Thanks. The general conclusion is something that some of us have been saying for quite some time, but it's still good to have some actual numbers to pore over.

tidal said...

Just w.r.t. Weitzman reference above. He has two new working papers on his website. One is a response to Nordhaus' critique of the Feb09 paper Aaron linked to. The second (and there is some overlap here) develops his "fat-tail" scenarios in more detail, and he also makes a case as to why climate change is a particularly troubling dilemma - "Perhaps it is little more than raw intuition, but for what it is worth I do not feel that the handful of other conceivable environmental catastrophes are nearly as critical as climate change. I illustrate with two specific examples." (His examples come from bioengineering and asteroid disasters...).

That latter paper is quite non-technical.

It reaches some deeply disturbing conclusions. One of which is that the situation may turn out to be so bad that he feels we must invest research and planning for "fast geoengineering" solutions. It's not that he is recommending that we go that way, just that we may get to a point that we need to buy some time, find some way to flatten the tails somewhat... He is arguing for aggressive, urgent mitigation, but can't seem to avoid concluding that we need to consider a contingency plan: "The opinion that follows might be construed as editorializing, but it seems to me that the analysis of this paper leads logically to a narrowly-defined niche role for a reliable backstop technology that can e¤ectively knock down high planetary temperatures quickly in case of emergency."

What fascinates me about Weitzman is that he is coming at this initially from a very conservative posture. It's clear that he himself is deeply disturbed at where is reserach is leading him.

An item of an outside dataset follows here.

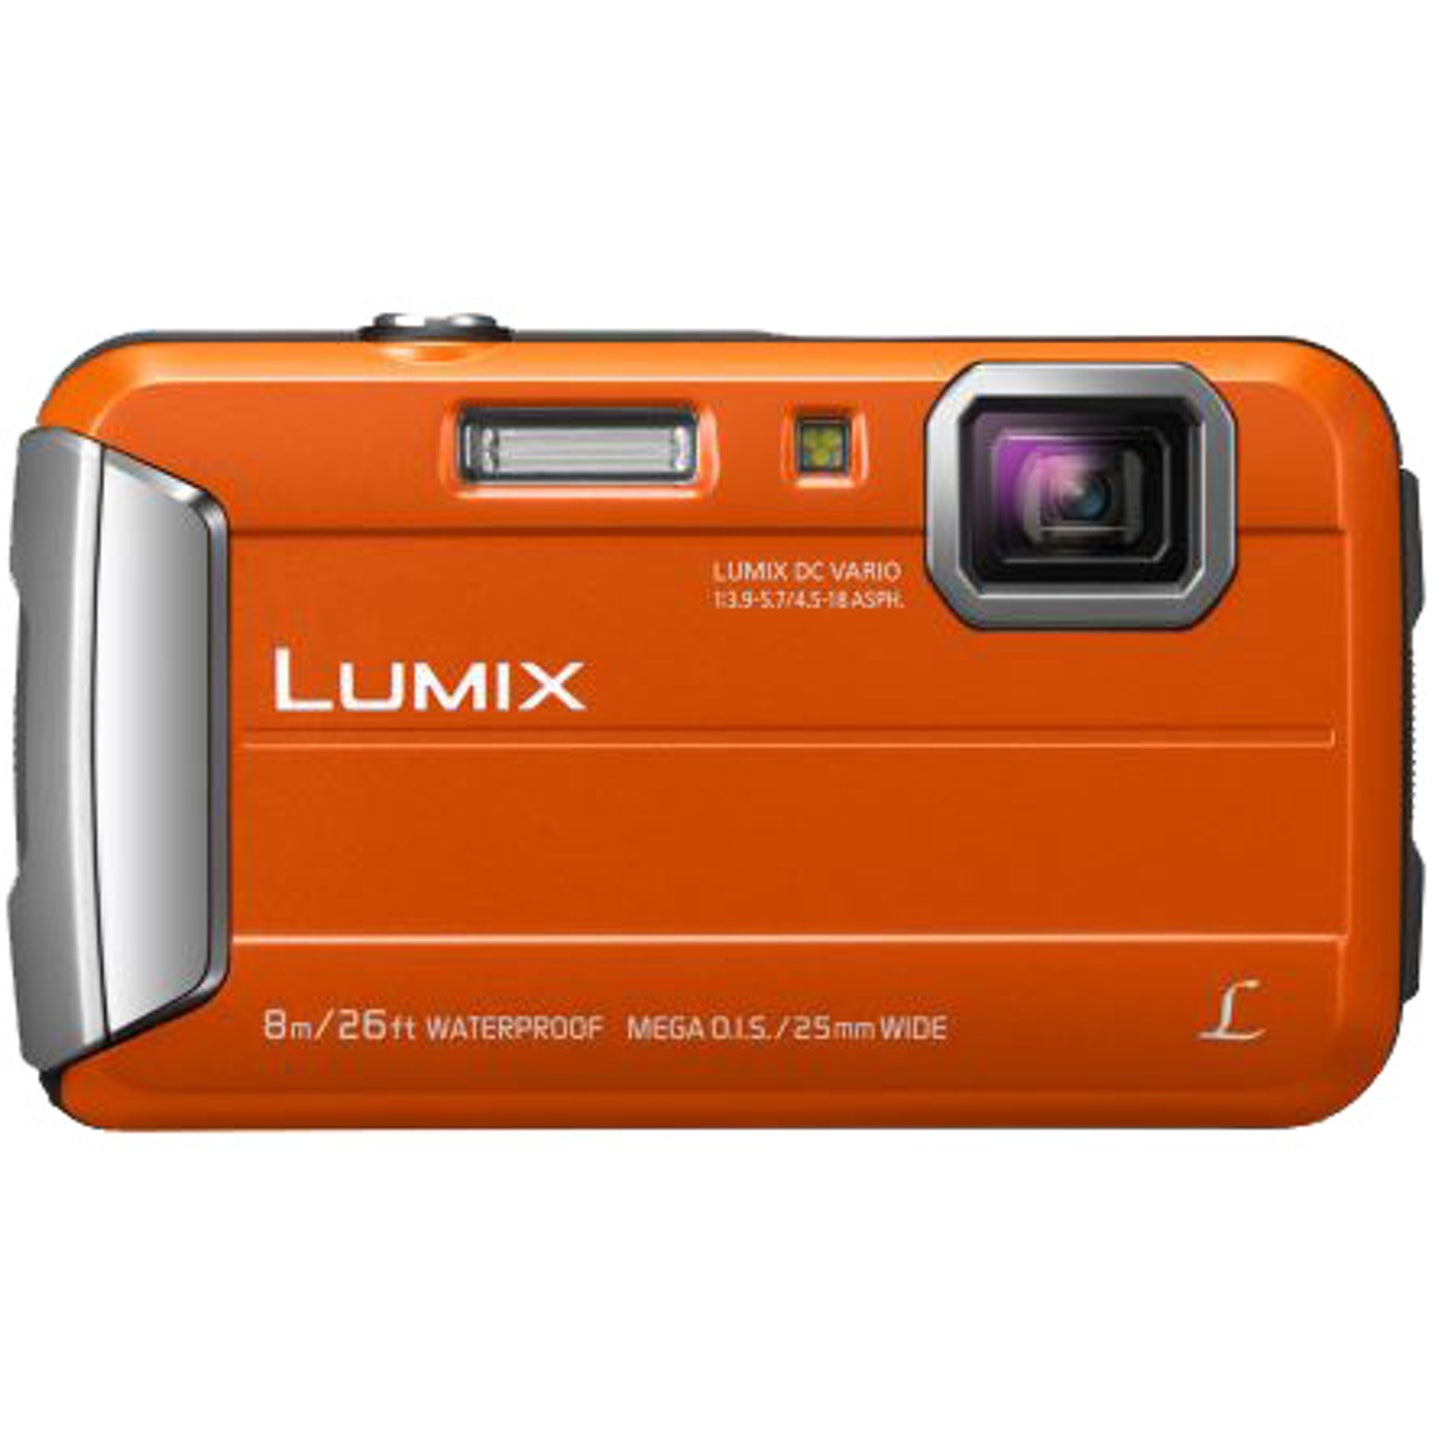 Panasonic Lumix DMC-TS30 Digital Waterproof Camera 4x Optical Zoom 25-100mm DC Vario Lens

He is looking at fat-tailed probability distribution functions for temperature (and economic damages) that can't rule out a 5% chance of ΔT 11.5°C, or a 1% chance of 22°C! (I know, that seems high, but he is quite robust in his derivations... and specific about the climate science...)Whereas in Nordhaus' DICE models - the more traditional CBA analysis - these tails just get truncated, as I understand it.

I was thinking of having a go at the second paper in more detail.